Yes, behavior management. Not discipline, not parenting, behavior management. As a teacher and graduate of an applied behavioral science program, I have often been asked for advice on helping with behavior. From tantrums to sleepless nights, there are things you can do to prevent them all. The key word is prevent. I’ll share some of my tips and tricks I’ve learned and hopefully help you and your family!

Basic Rules of Behavior Management

These are not the rules from a text book or the definition of behavior management. These are, in my opinion, the keys to having a successful behavior management plan. Whether it’s in your home or a classroom full of kids, these rules apply everywhere. This is just a short run down of the rules. A more detailed post is coming for each of them!

1. Prevention. The number one way to keep problem behaviors from taking over your life is to prevent them. How do you prevent them? Set ground rules that include rewards and consequences. Make consistent routines.
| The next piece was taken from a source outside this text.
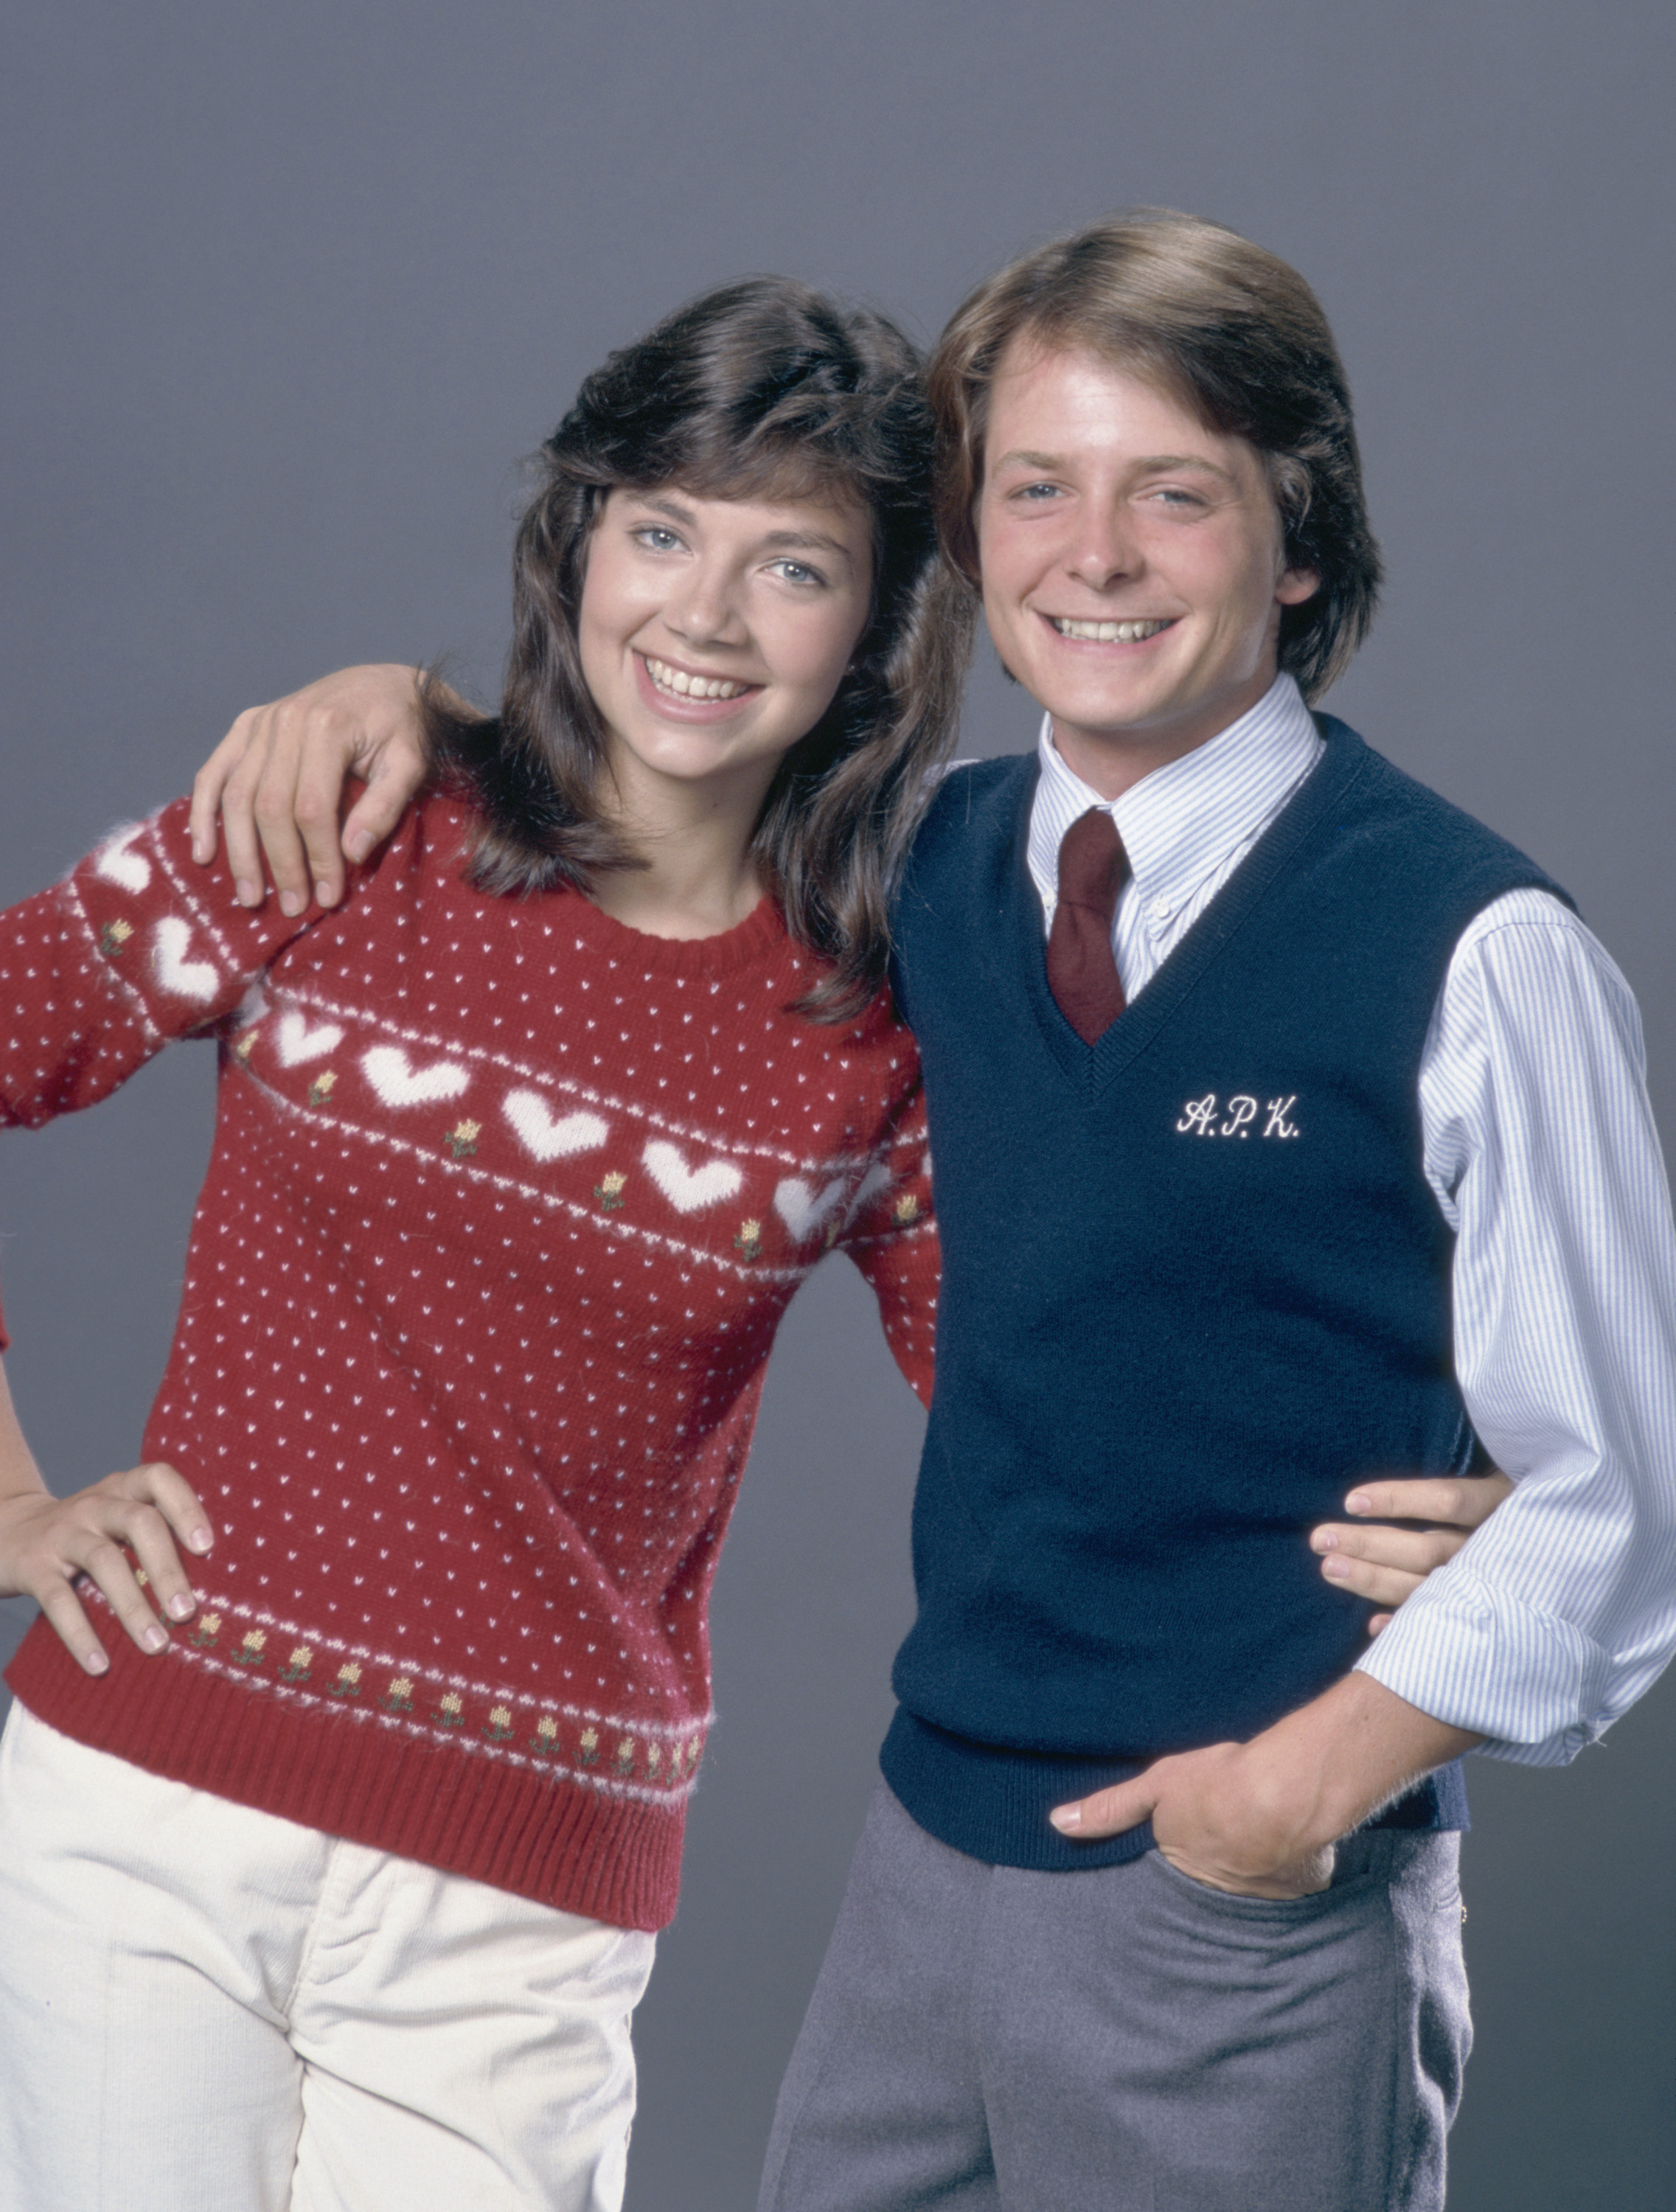 Justine Bateman et Michael J. Fox dans "Sacrée famille", circa 1980 | Source : Getty Images

Specifically praise a desired behavior you see. Distract your child when you see trouble coming. Whatever it is you need to do, try to keep the issue from happening in the first place.

2. Know your child. Understand what can trigger trouble for your child. If they’re having a rough time with something, check out their environment and see what’s causing the problem. Did they get to bed late the night before? Did they eat a certain food? Is there someone or something upsetting them? Are you playing music too loud? There can be so many triggers for behavior, but if you look closely you can discover the trigger and eliminate it.
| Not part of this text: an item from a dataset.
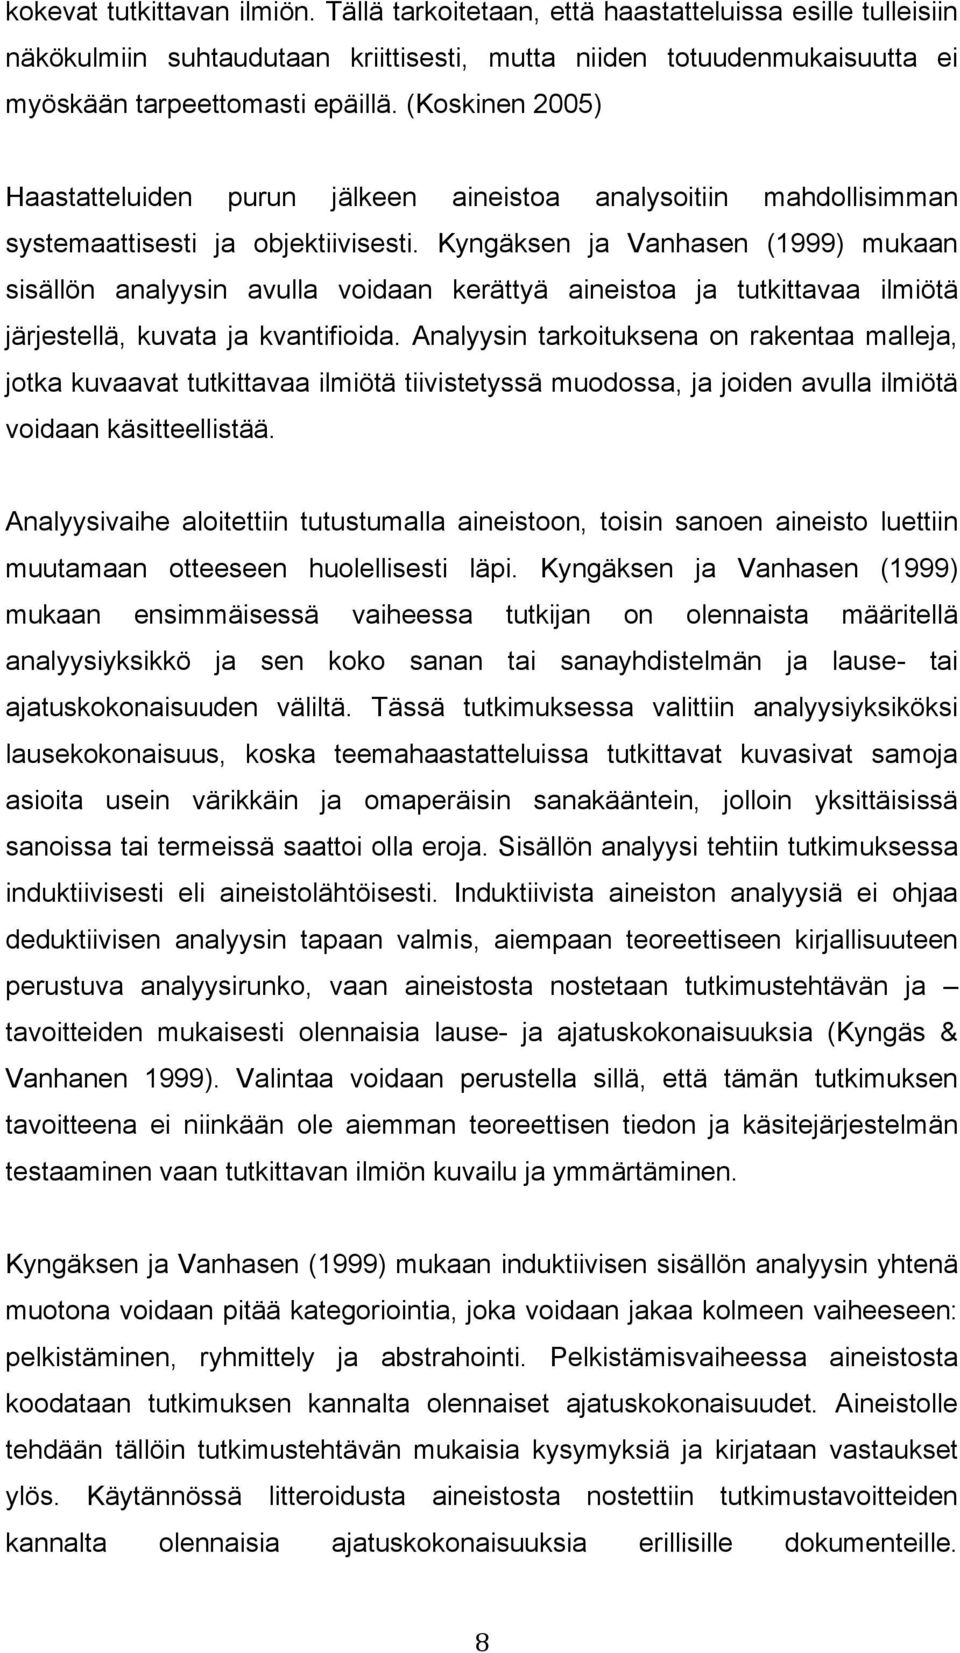 Kyngäksen ja Vanhasen (1999) mukaan sisällön analyysin avulla voidaan kerättyä aineistoa ja tutkittavaa ilmiötä järjestellä, kuvata ja kvantifioida.

3. Realize the problem can be YOU. This can be particularly difficult for adults to look at. After all, we’re the ones in charge, right? So, whatever we say just has to go. Well, yes. Kind of. We should set the rules and boundaries in our house. However, we also have to give our kids some grace and help them to behave well. If we’re stretching them too thin, stressed out ourselves, only yelling at them after they’ve done something, ignoring them, reinforcing the problem by only giving attention after the unwanted behavior, or are simply disorganized, we can be the problem. I’ve been guilty of this myself (as we all have!), and it’s hard to admit that it’s YOU that’s causing the problem. But, the best part about this step: it’s easy to fix. You don’t have to modify the child’s behavior, you have to modify your own…and having a well behaved child is a pretty good motivator to change your behavior.

4. Be specific. No matter if it’s discipline or praise, be very specific about what you are talking about. No matter how young your child, tell them exactly what the are or are not doing. For example, instead of saying. “No!” when your kid is jumping on the couch, say “Sweetie, please don’t jump on the couch. You can get hurt and I would hate to see you hurt. Please play on the floor.” There are three parts to this: you’re identifying the problem (jumping on the couch), justifying why it’s a problem (they could get hurt…NOT that your white couch could get dirty), and giving an alternative behavior (playing on the floor instead). And for praise, “I love how you’re sitting so nicely on the couch and keeping your feet on the floor!” You are communicating that you like what they’re doing, and why you like it.

Four rules, that’s not so hard to remember, is it?